TASK PROMPT -
Exactly reproduce the lines of the listing below from the one containing "Clarins Plant Gold" through the one containing "Vector 06502". Skip the images.

INFORMATION GIVEN -
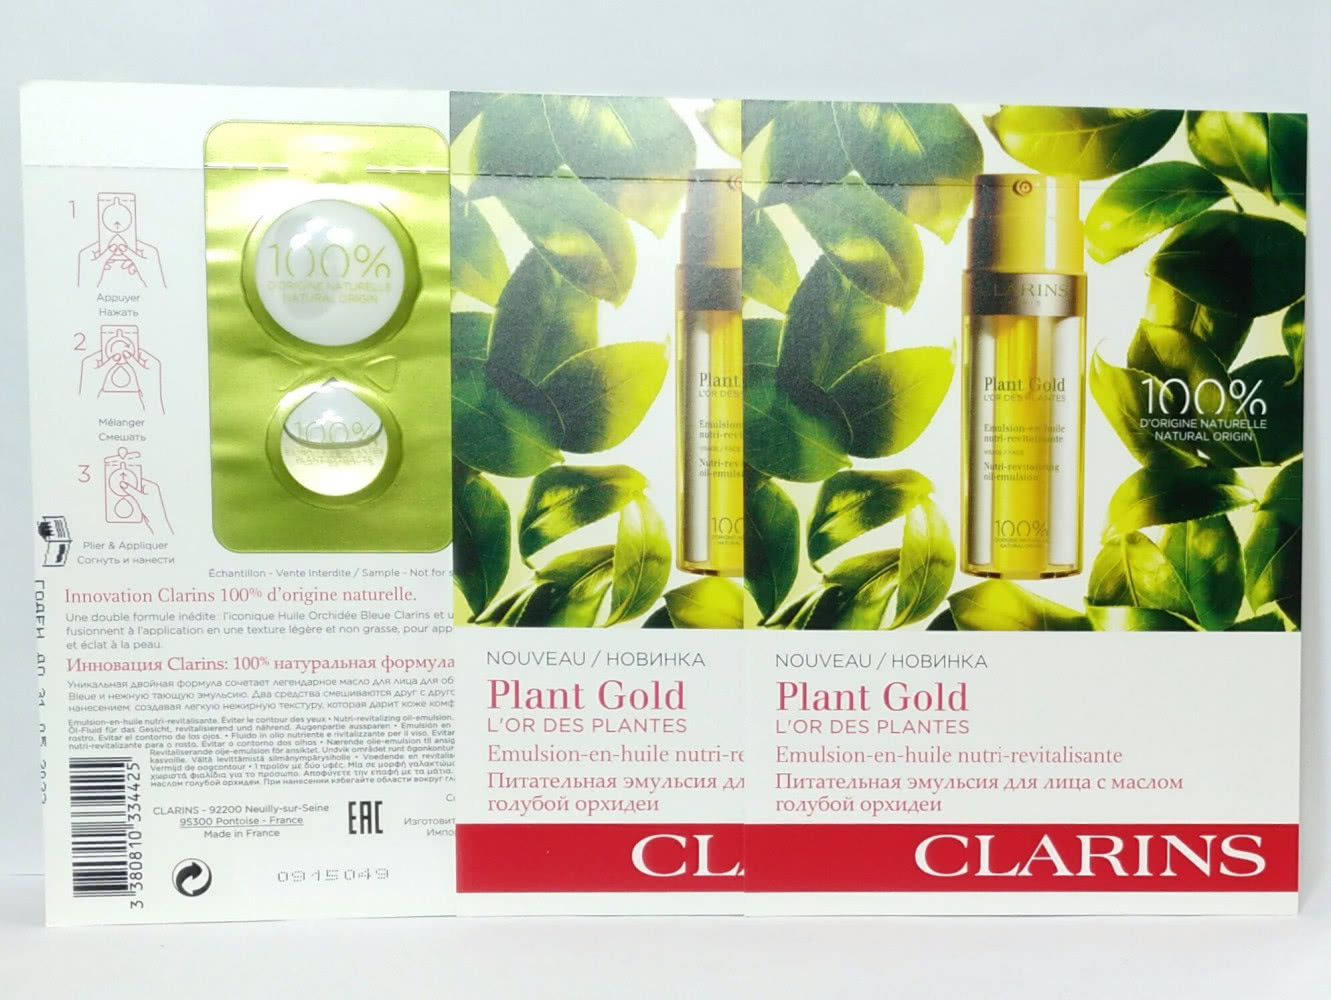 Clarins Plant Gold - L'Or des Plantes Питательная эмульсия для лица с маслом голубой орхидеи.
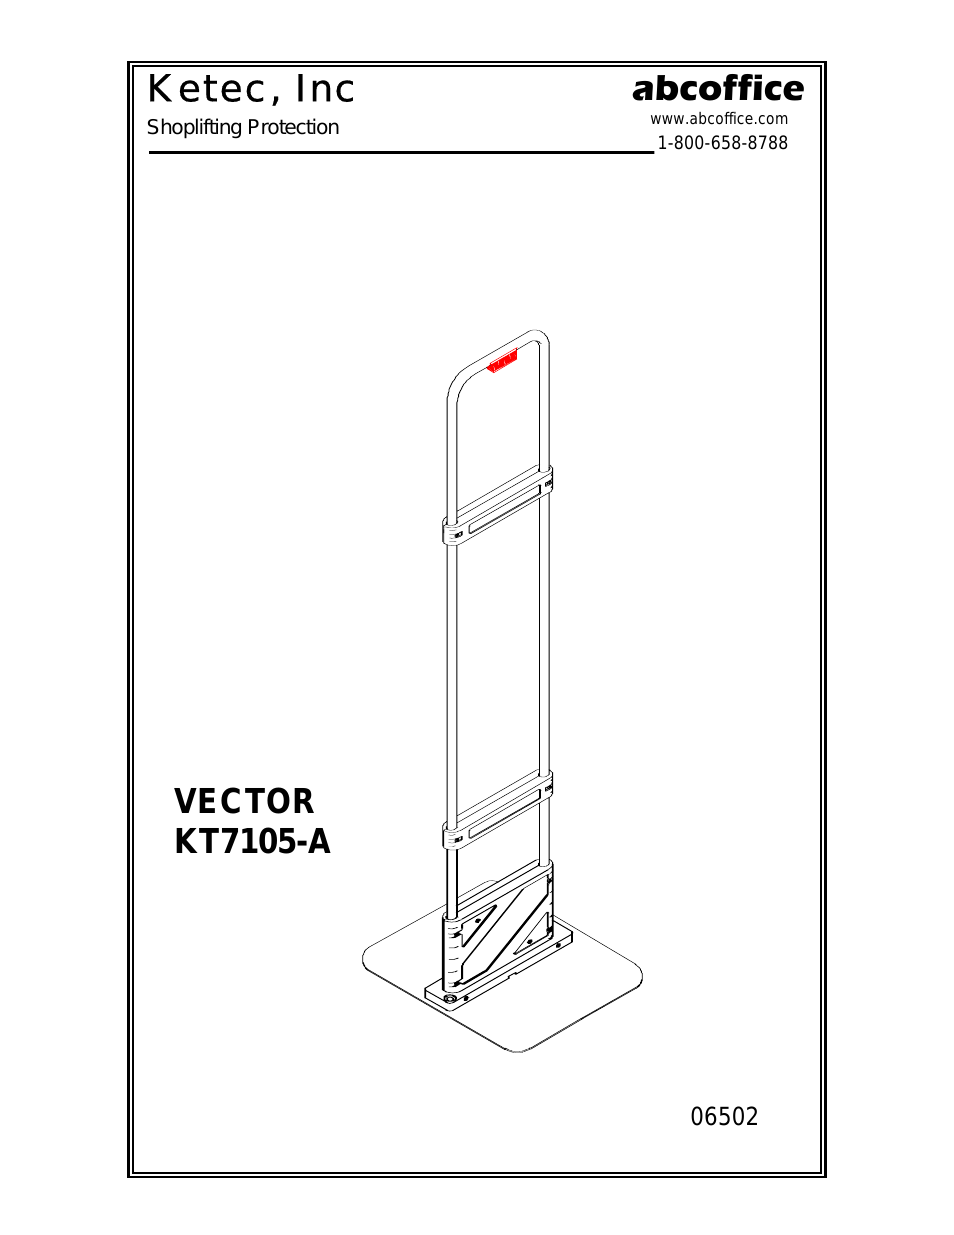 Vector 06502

* * *

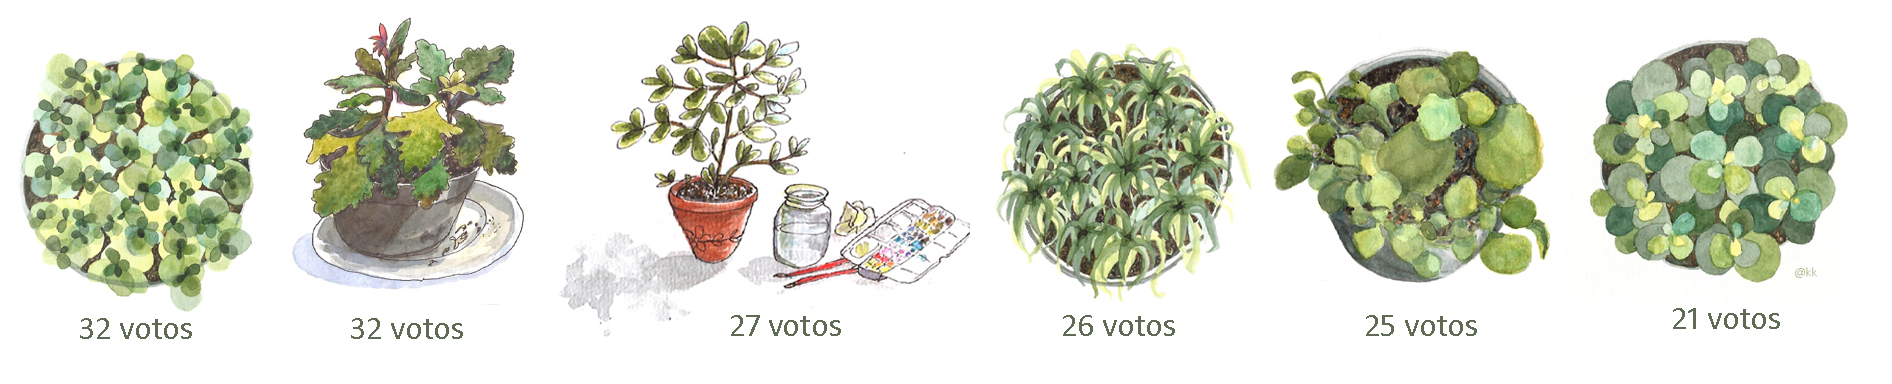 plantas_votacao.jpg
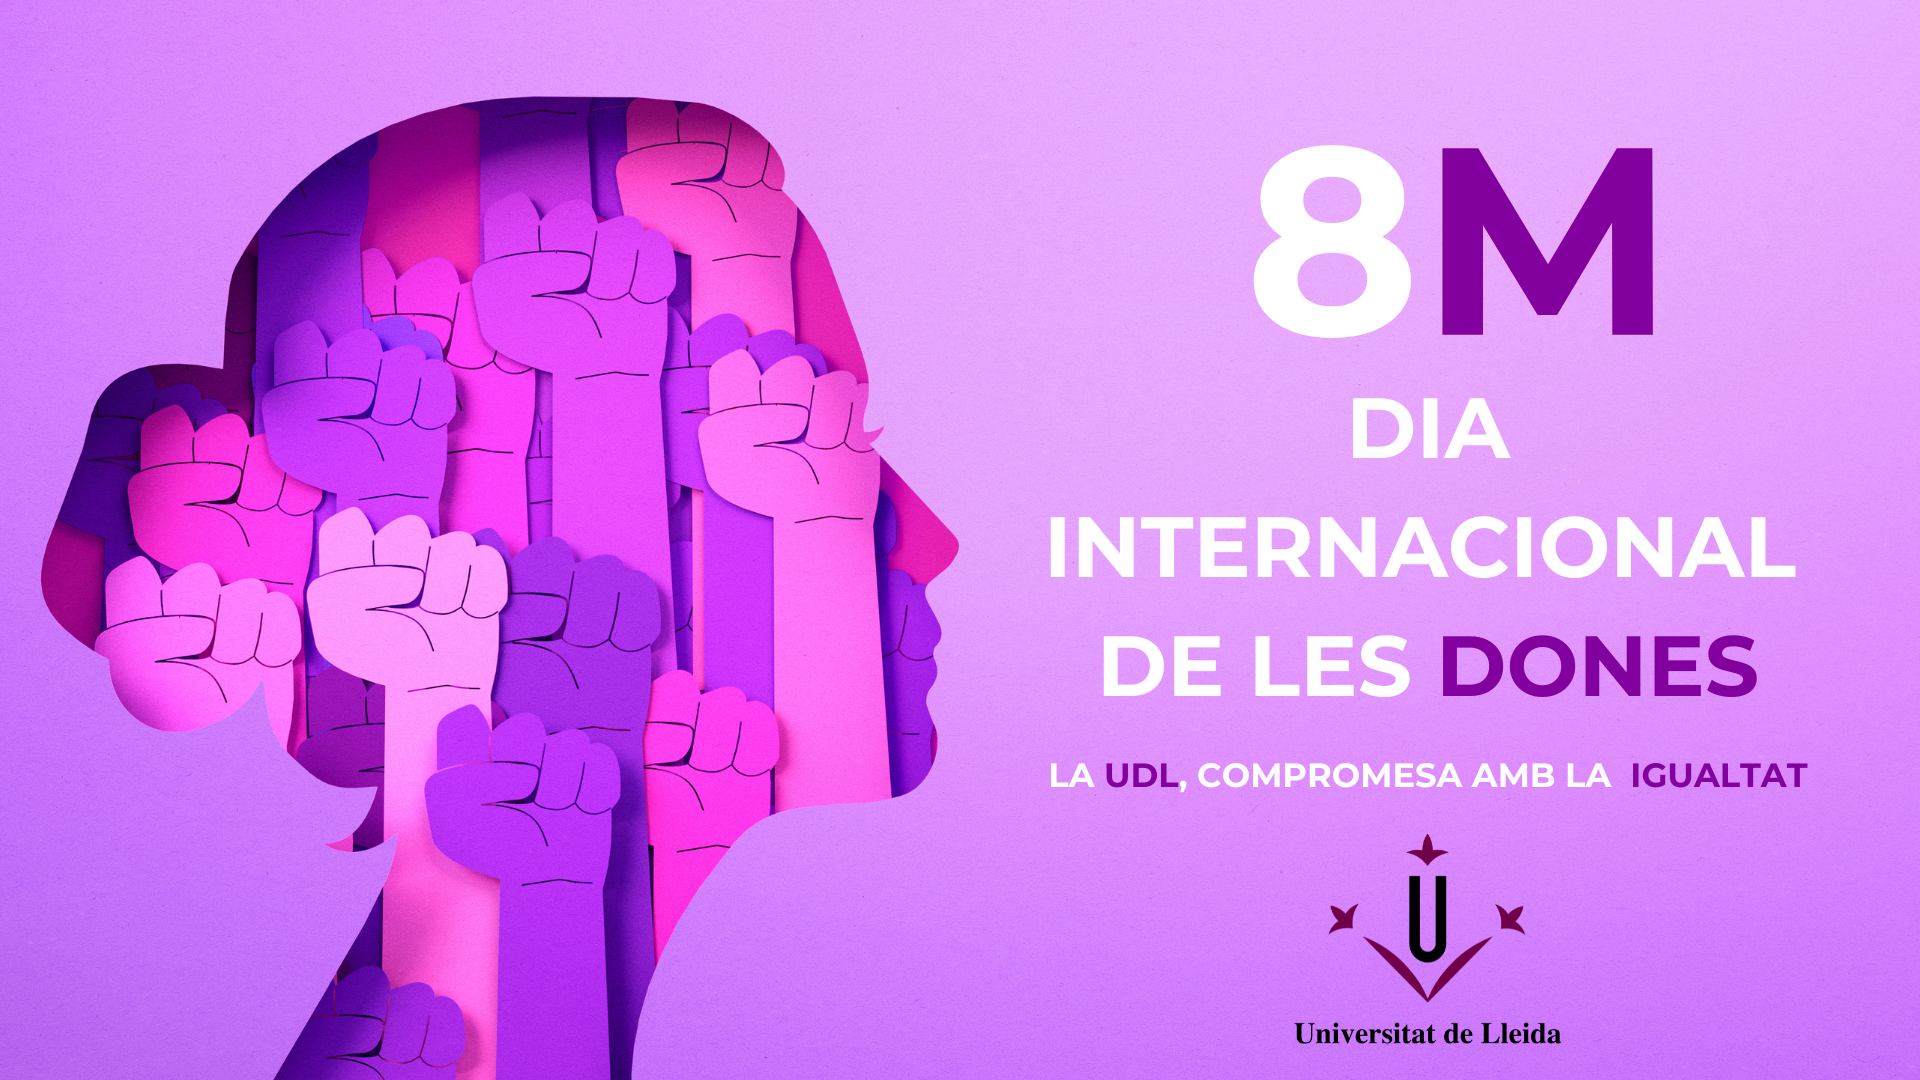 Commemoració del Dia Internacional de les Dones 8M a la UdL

* * *

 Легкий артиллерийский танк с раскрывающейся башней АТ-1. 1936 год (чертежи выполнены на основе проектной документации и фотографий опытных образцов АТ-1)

EXERCISE OUTPUT -
 Clarins Plant Gold - L'Or des Plantes Питательная эмульсия для лица с маслом голубой орхидеи.
 Vector 06502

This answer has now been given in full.